Your instructions ::
Restate all of the following data exactly, keeping any images out of the copy.

Data shown ::
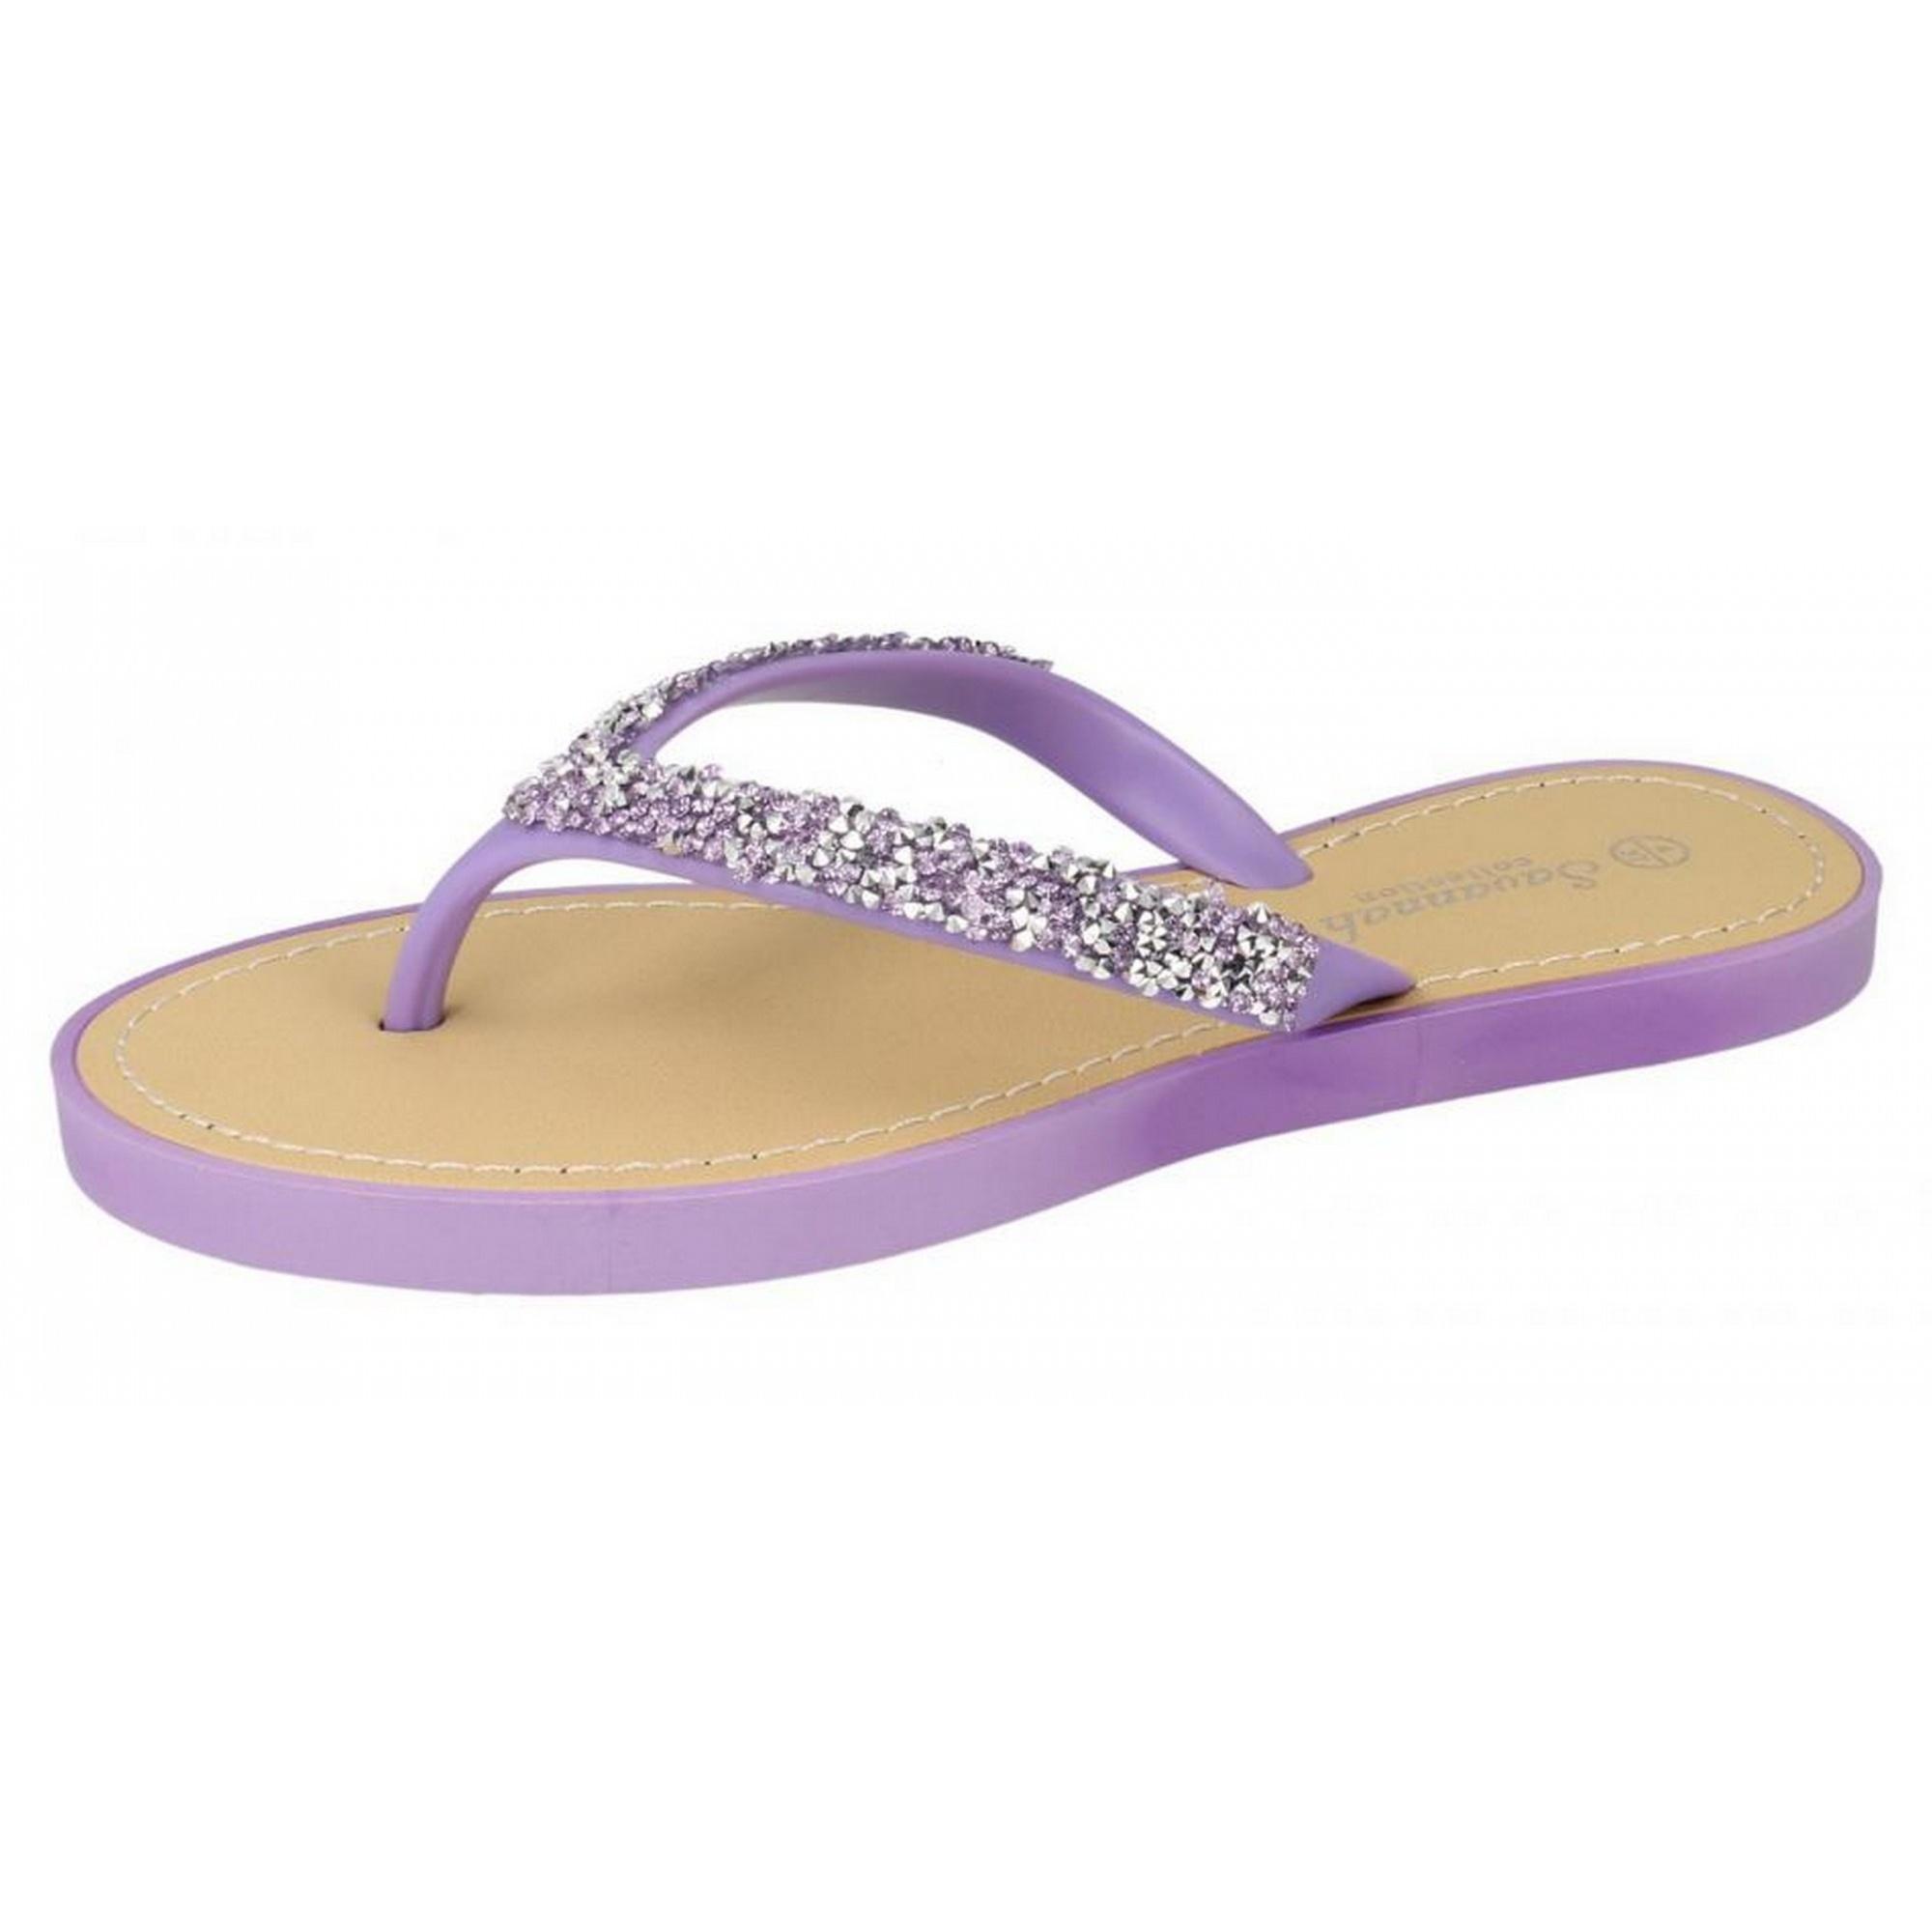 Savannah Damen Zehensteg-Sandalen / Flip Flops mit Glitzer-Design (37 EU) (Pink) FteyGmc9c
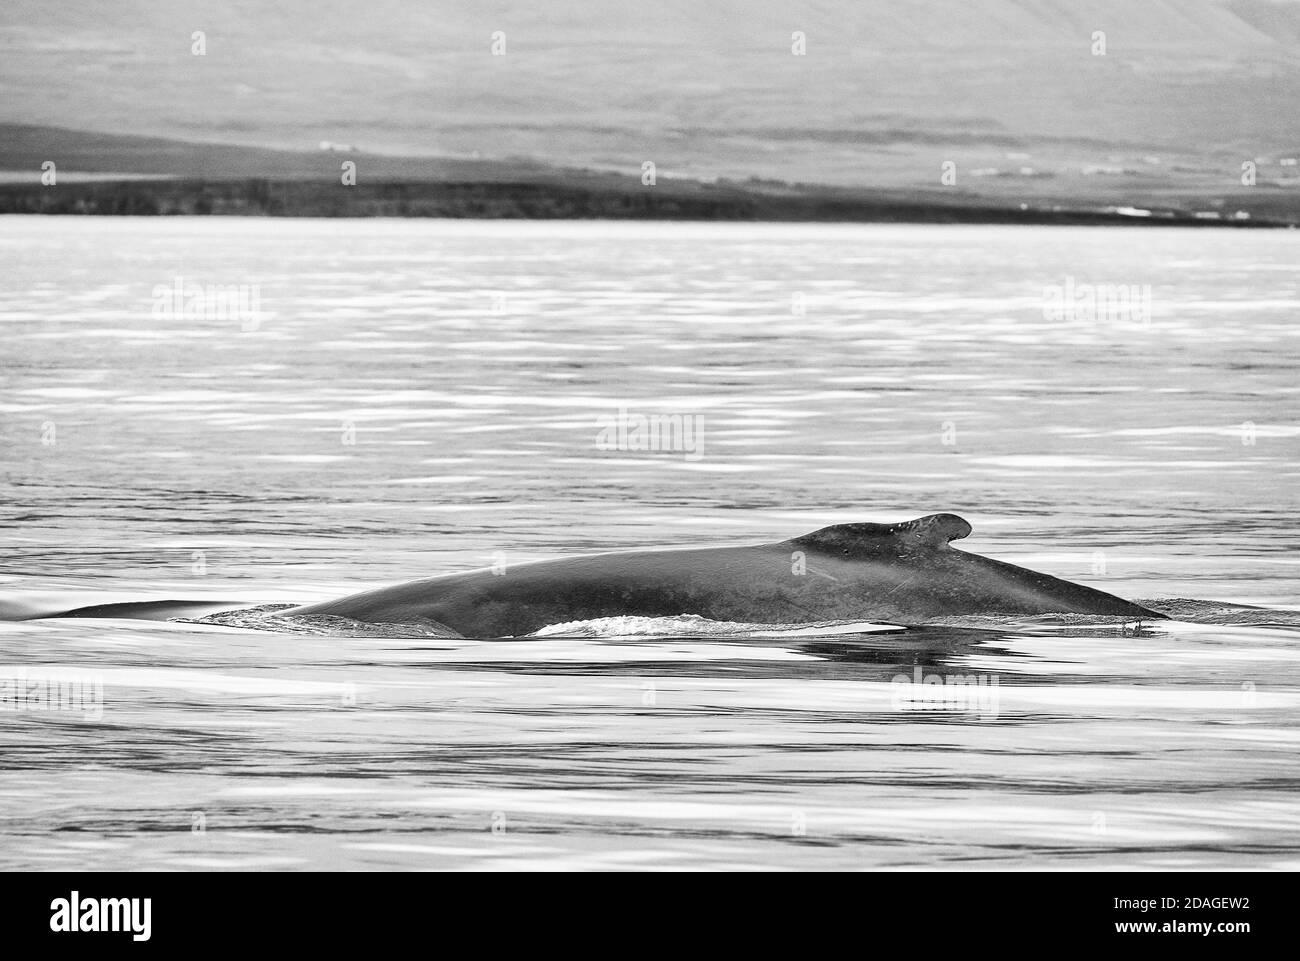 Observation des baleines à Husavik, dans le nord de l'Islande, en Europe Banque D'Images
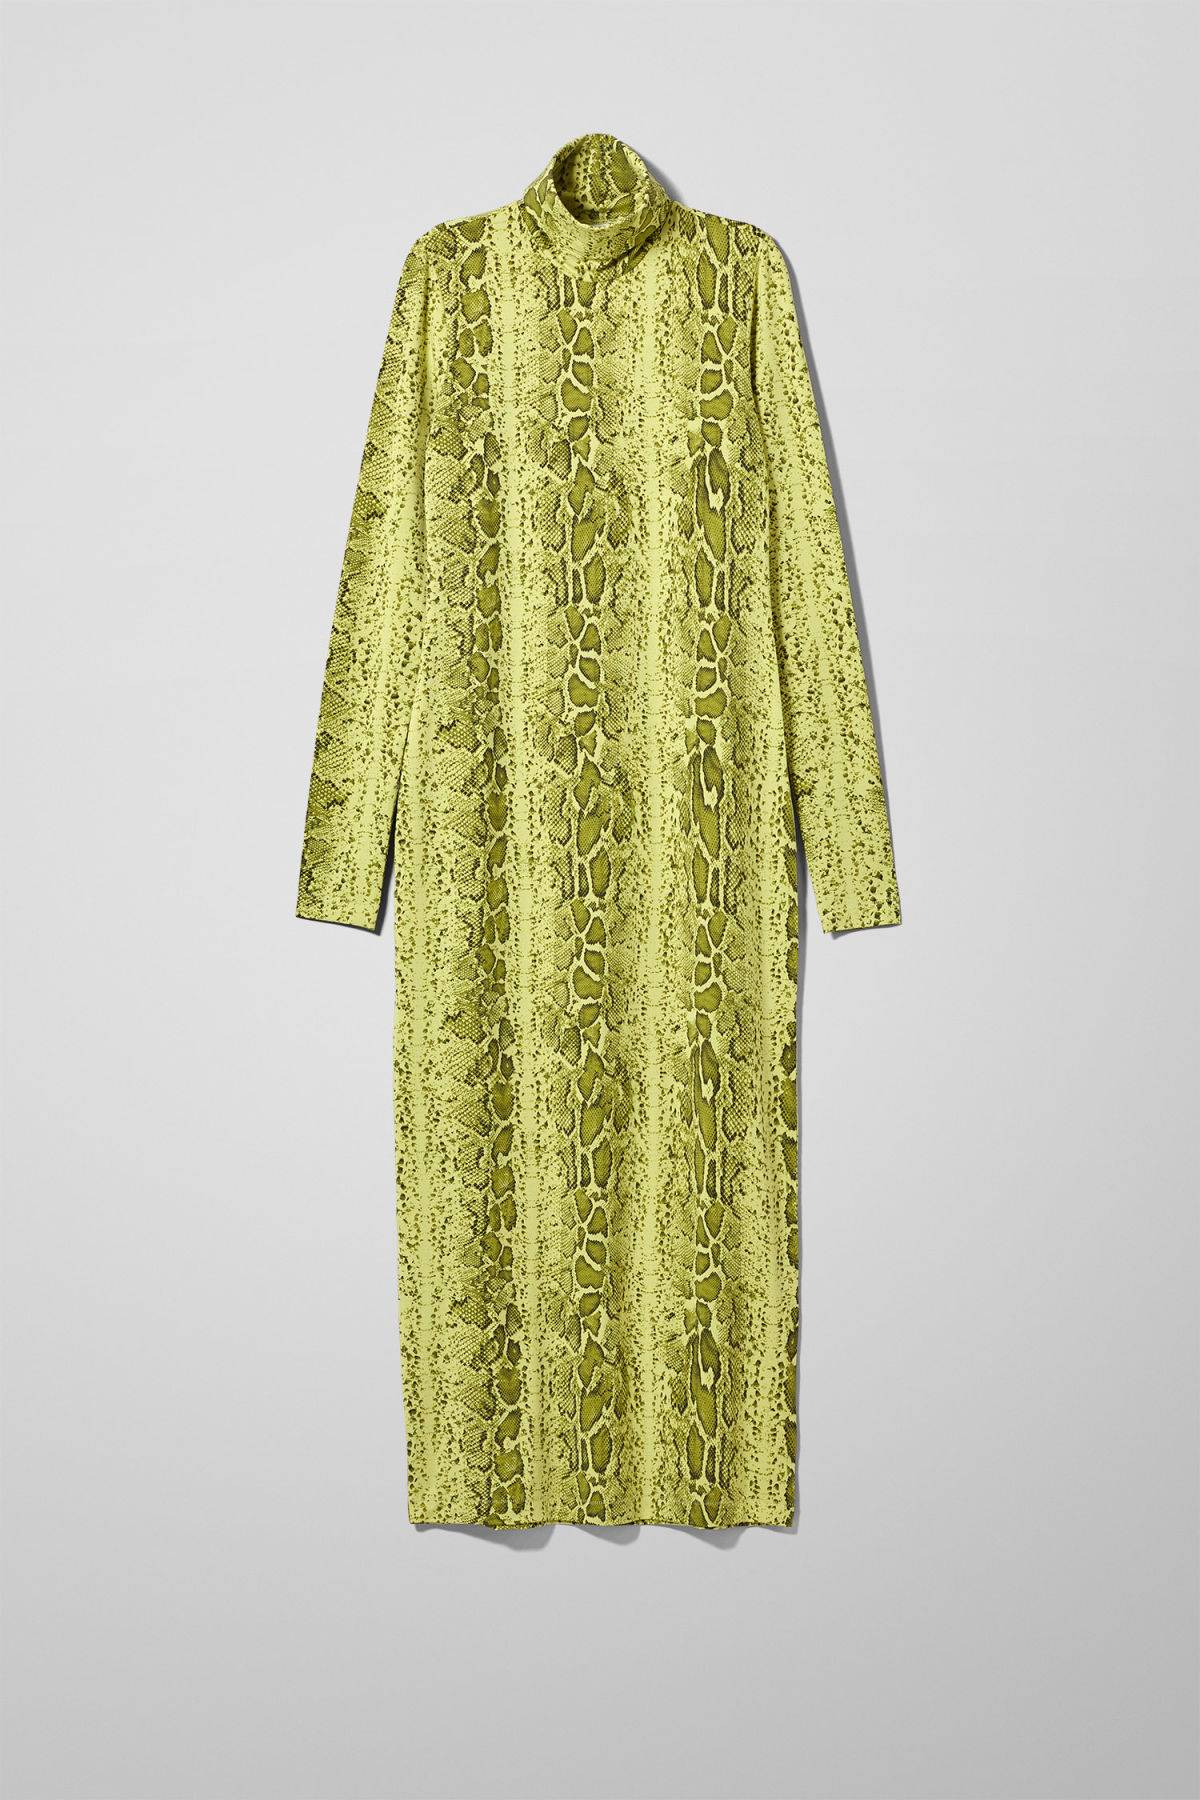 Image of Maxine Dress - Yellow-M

Response area ::
 Savannah Damen Zehensteg-Sandalen / Flip Flops mit Glitzer-Design (37 EU) (Pink) FteyGmc9c
 Observation des baleines à Husavik, dans le nord de l'Islande, en Europe Banque D'Images
 Image of Maxine Dress - Yellow-M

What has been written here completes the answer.